Paris Gazette: Terre Haute experienced what the citizens supposed a slight shock of an earthquake last week. It was afterwards ascertained that the cause of the “vibration” was occasioned by Pat Shannon falling on a slippery sidewalk.

Patrick Shannon died on April 8, 1886, at the age of 57. His bank closed not long afterward on Jan. 19, 1887 with $39,000 in liabilities, and $10,000 in assets.
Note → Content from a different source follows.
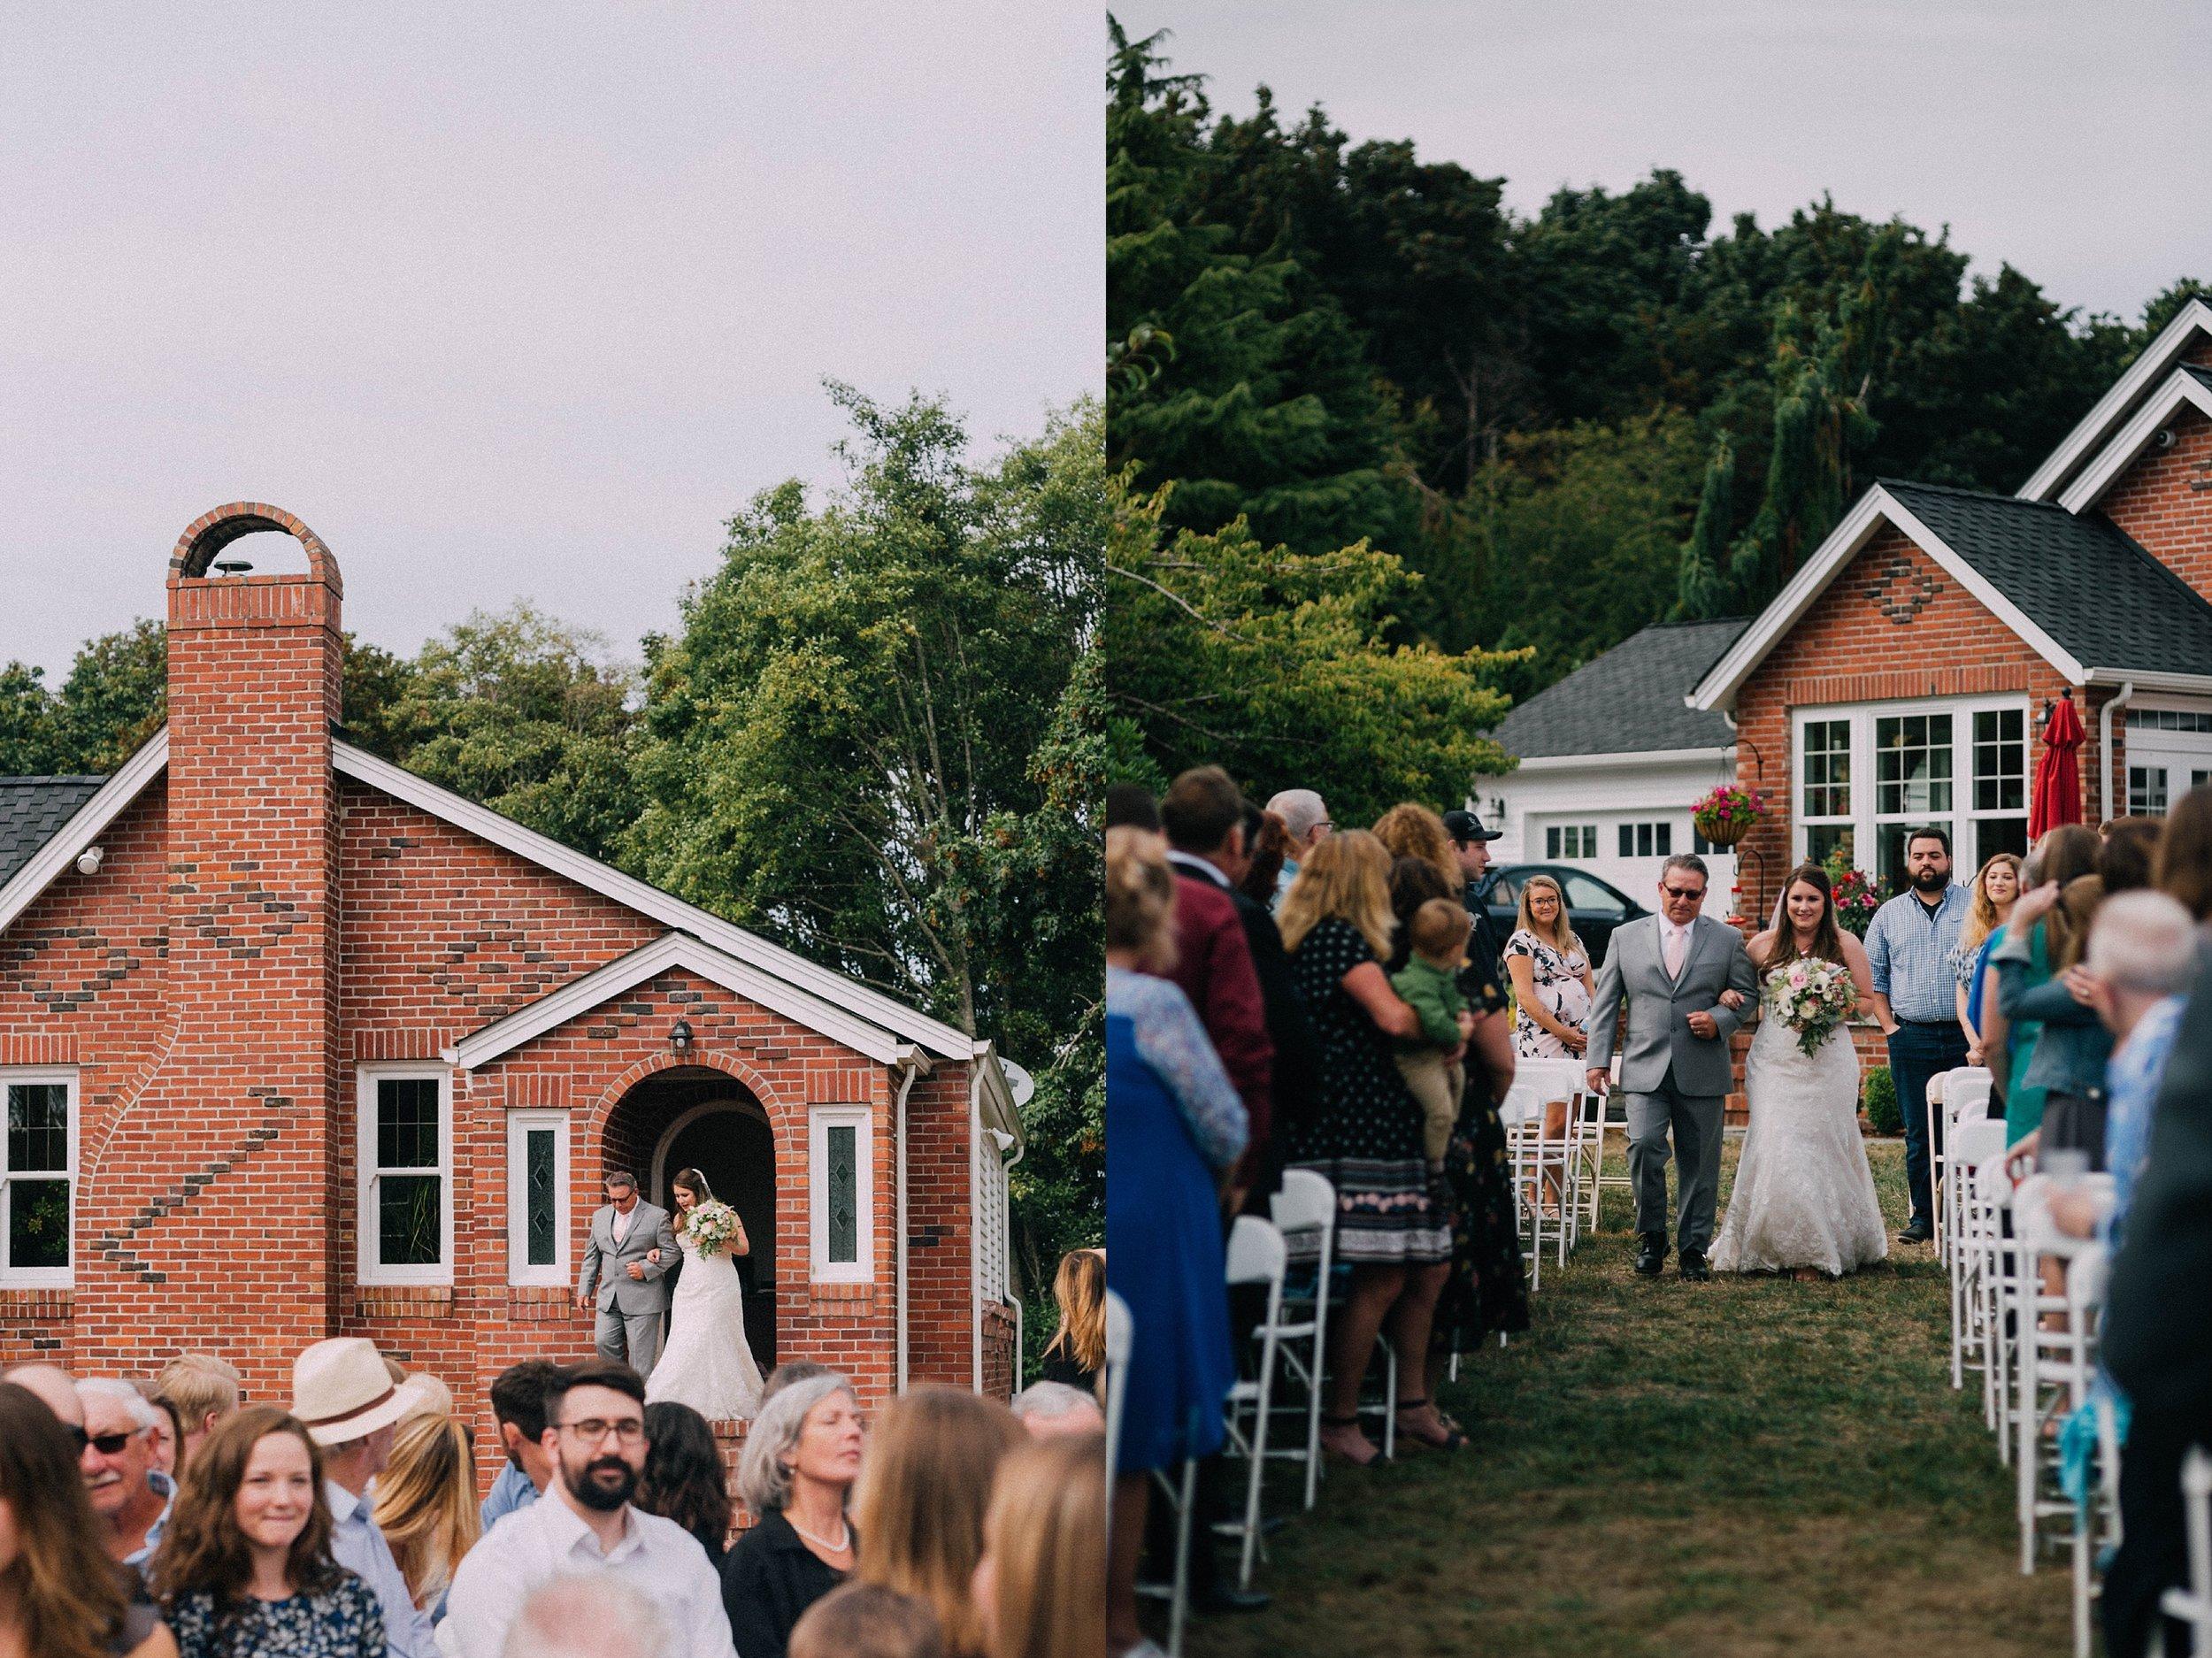 karisa ryan - vashon island backyard wedding photographer - seattle area backyard wedding photography - ashley vos-1.jpg

This week’s “Historical Treasure” is an authentic banknote issued by Shannon’s Bank of Terre Haute. If you are so inclined, make a trip through Terre Haute’s Farrington’s Grove Historic District to see Patrick Shannon’s home at 823 S. Fifth St. While you’re in the neighborhood, stop by the museum at 1411 S. Sixth St. to learn more about the heritage of your community.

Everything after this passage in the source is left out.